Unexpected effects of antibiotics on leaf shredding detritivores

In this post, Mirco Bundschuh highlights the results of their recent paper “Antibiotic mixture effects on growth of the leaf-shredding stream detritivore Gammarus fossarum”.

Bacteria imaged via epifluorescence microscopy (photo by M. Konschak)

Antibiotics are a vital part of today’s medicine, mostly being used for treating bacterial infections. However, when released into aquatic ecosystems, these substances may affect microbial communities that are at the base of food webs and perform a range of fundamental ecosystem functions. As one essential function, microbial communities colonize organic material and thereby increase its nutritious quality for higher trophic levels. By affecting microbial communities, antibiotics may thus ultimately interfere with the entire interplay between bacteria and fungi during this colonization process.

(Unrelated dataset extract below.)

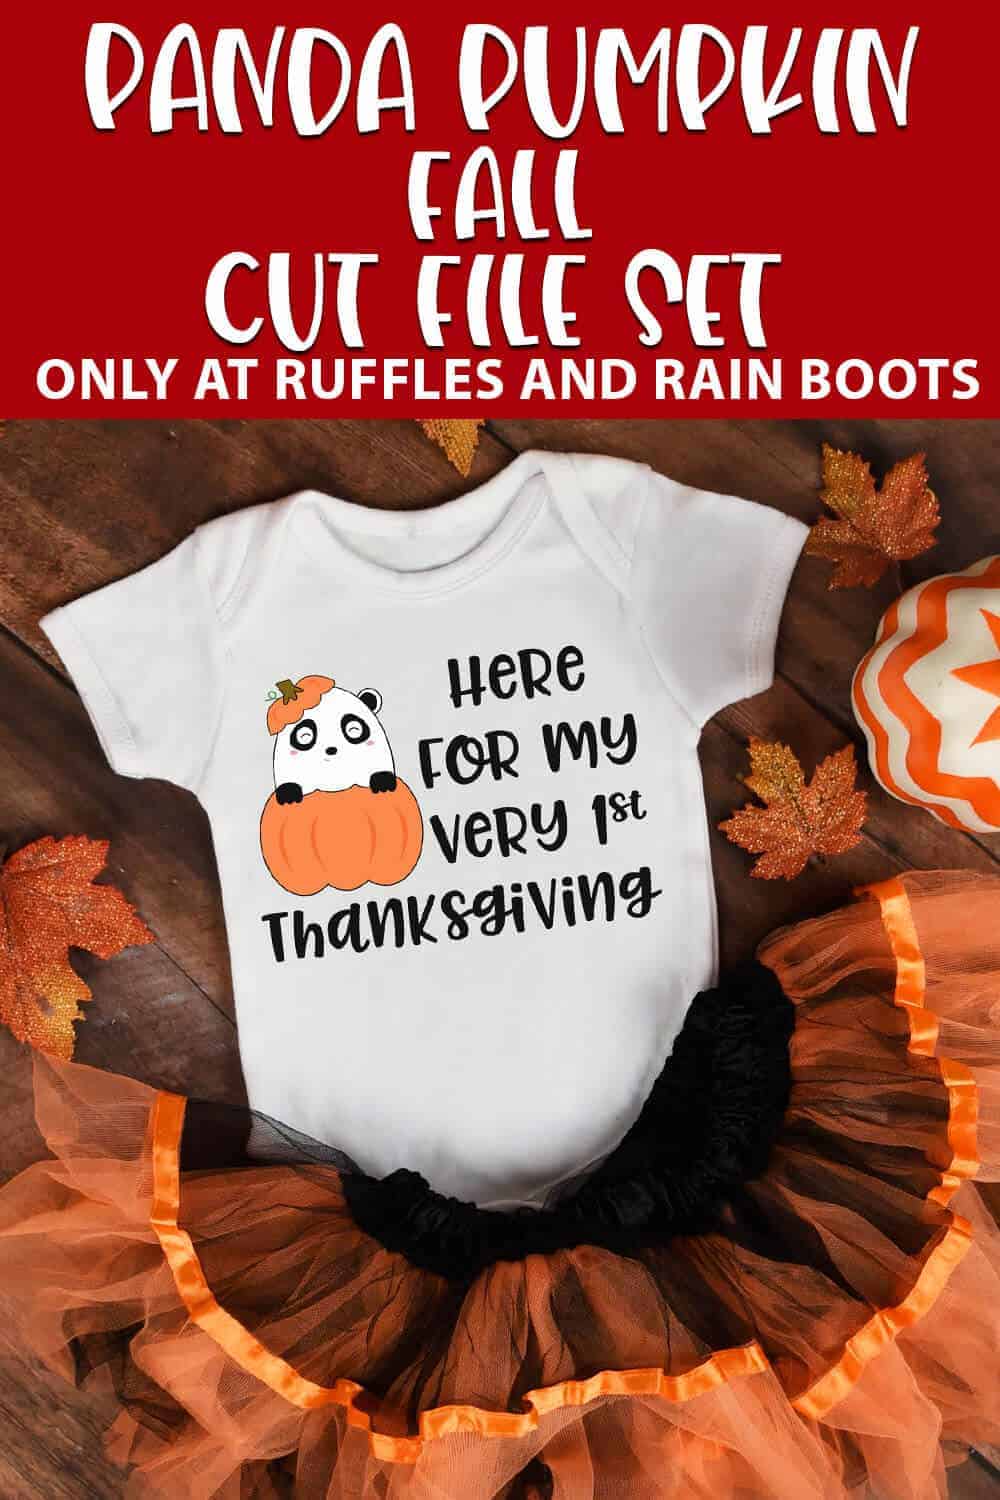 onesie featuring cute first thanksgiving panda in a pumpkin SVG with text which reads panda pumpkin fall cut file set

In an earlier publication, we have shown that the palatability of microorganism-colonized leaf material, measured via the food selection behavior of leaf-shredding gammarids, is increased in presence of antibiotics relative to a scenario in which no chemical stress was applied. Based on this finding, it was assumed that organisms feeding on leaf material colonized in presence of antibiotics (at 2 and 200 µg/L) show higher growth relative to the control, whereas a simultaneous exposure to antibiotics via the water phase has only a limited impact.

In this present study, however, the antibiotics had no effect on abundance and biomass of the two most important microbial groups, namely bacteria and fungi. Nevertheless, modification of leaf quality through shifts in the fungal community composition may have triggered the observed faster growth of gammarids at 2 µg antibiotics/L. At the highest test concentration, gammarid growth was not stimulated, which might have been driven by a modified ability of the gut microflora to assimilate nutrients and carbon. Furthermore, the observed lack of an increase in the diameter of the gammarids’ peduncles, despite an increase in gammarid mass, suggests antibiotic-induced effects in the moulting cycle. Although the processes responsible for the observed effects have not yet been identified, these results indicate unexpected bottom-up directed effects of antibiotics in heterotrophic food webs that warrant further research.

The paper was authored by Mirco Bundschuh, Ralf Schulz and external collaborators and is published under the open access agreement in Ecotoxicology.